Saat itu, ada sekitar 600 perempuan dan ibu yang berasal dari 30 organisasi perempuan di Jawa dan Sumatra yang berkumpul.
Mereka mendiskusikan upaya untuk meningkatkan derajat dan kiprah perempuan dalam gerakan bangsa. Melalui Dekrit Presiden Nomor 316 Tahun 1959, Presiden pertama Republik Indonesia, Soekarno, menetapkan tanggal 22 Desember sebagai Hari Ibu.
Di era Orde Baru, rezim Soeharto mereduksi hak-hak perempuan terutama hak-hak politiknya. Rezim ini mendirikan organisasi perempuan Dharma Wanita Persatuan yang bertugas mengontrol dan mengawasi kegiatan perempuan.
Orde Baru mendiskriminasi pekerja perempuan dengan gaji yang jauh di bawah gaji laki-laki untuk pekerjaan yang sama. Sejumlah perempuan yang bersuara kritis dan berani membela hak-hak kaum perempuan berujung pada kematian tragis.

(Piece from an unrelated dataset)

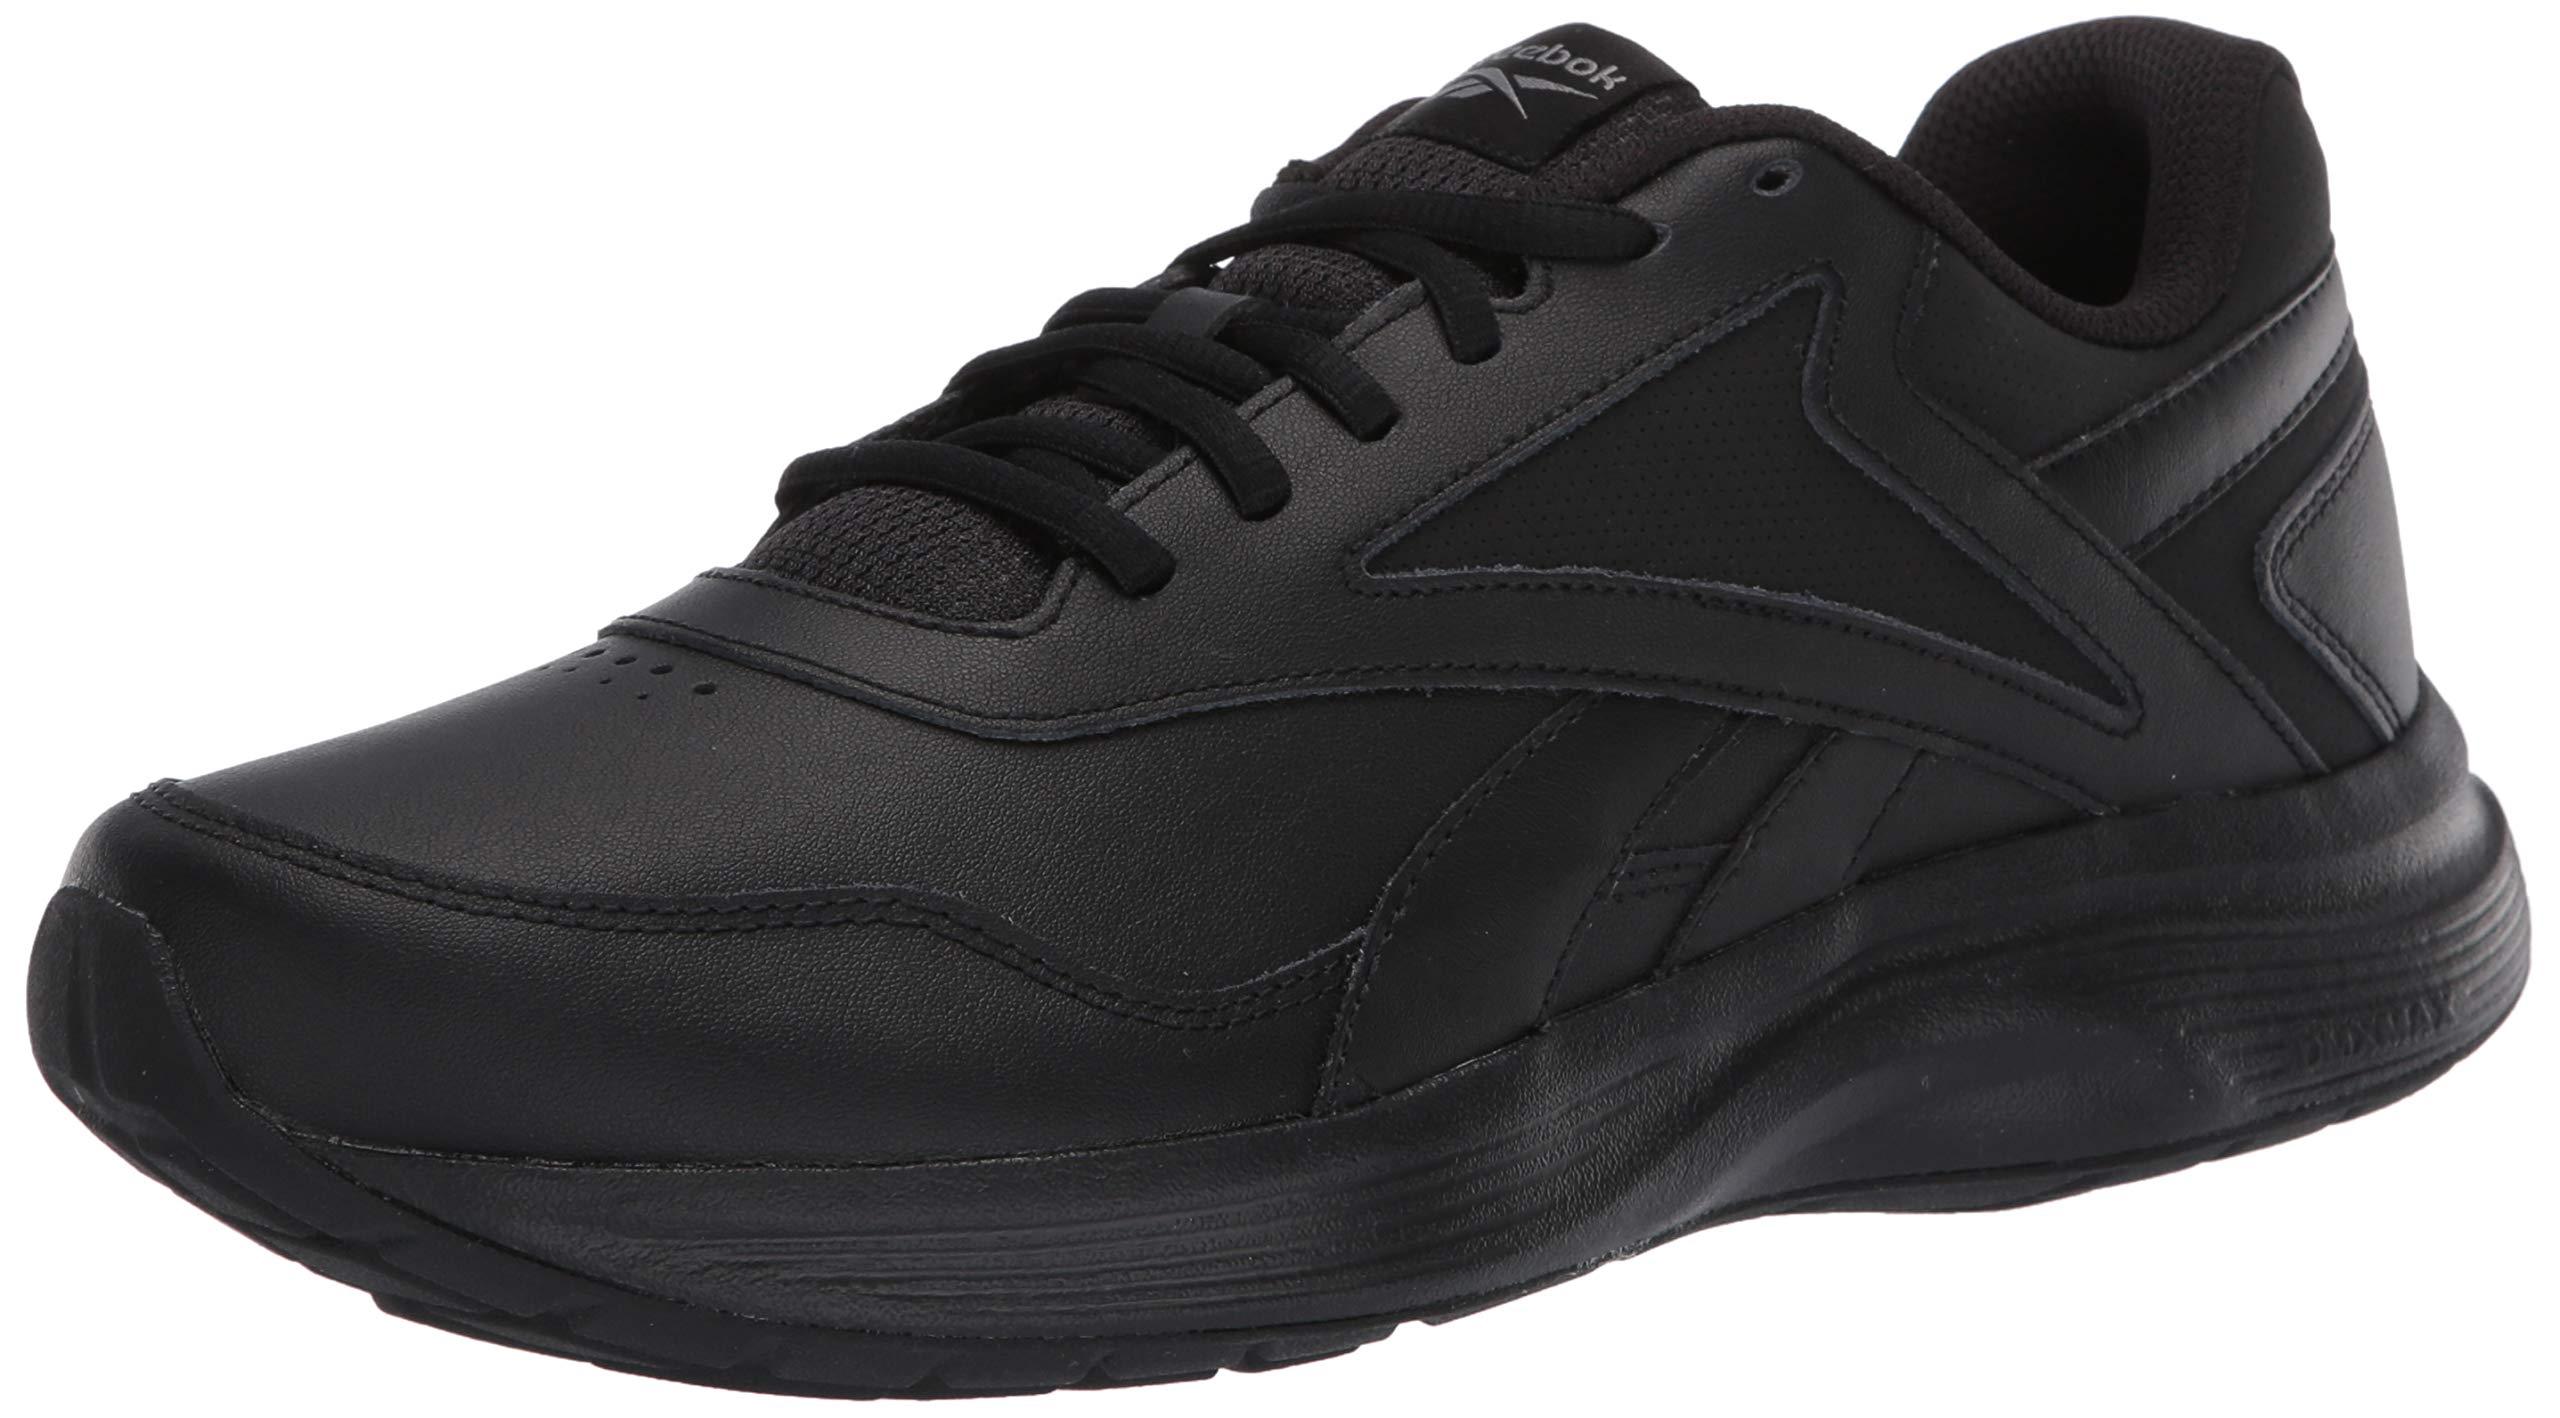 Reebok Leather Walk Ultra 7 Dmx Max Shoe in Black for Men - Save 31% - Lyst

Diketahui, hadir sebagai pembicara pembuka yakni, Ketua Bidang Kesehatan, Perempuan dan Anak DPP PDI Perjuangan, Sri Rahayu, Ketua DPP PDIP bidang Penanggulangan Bencana, Ribka Tjiptaning.
Kemudian peneliti feminis yang juga mantan Dr. Ruth India Rahayu, Ketua Prodi S1 Ilmu Politik Fisip UI, Dr. Nurul Nurhandjati.
Diskusi juga diisi oleh perwakilan mahasiswa, Dandi dari Universitas Nasional (Unas), dan Direktur Eksekutif Amnesty International Indonesia Usman Hamid.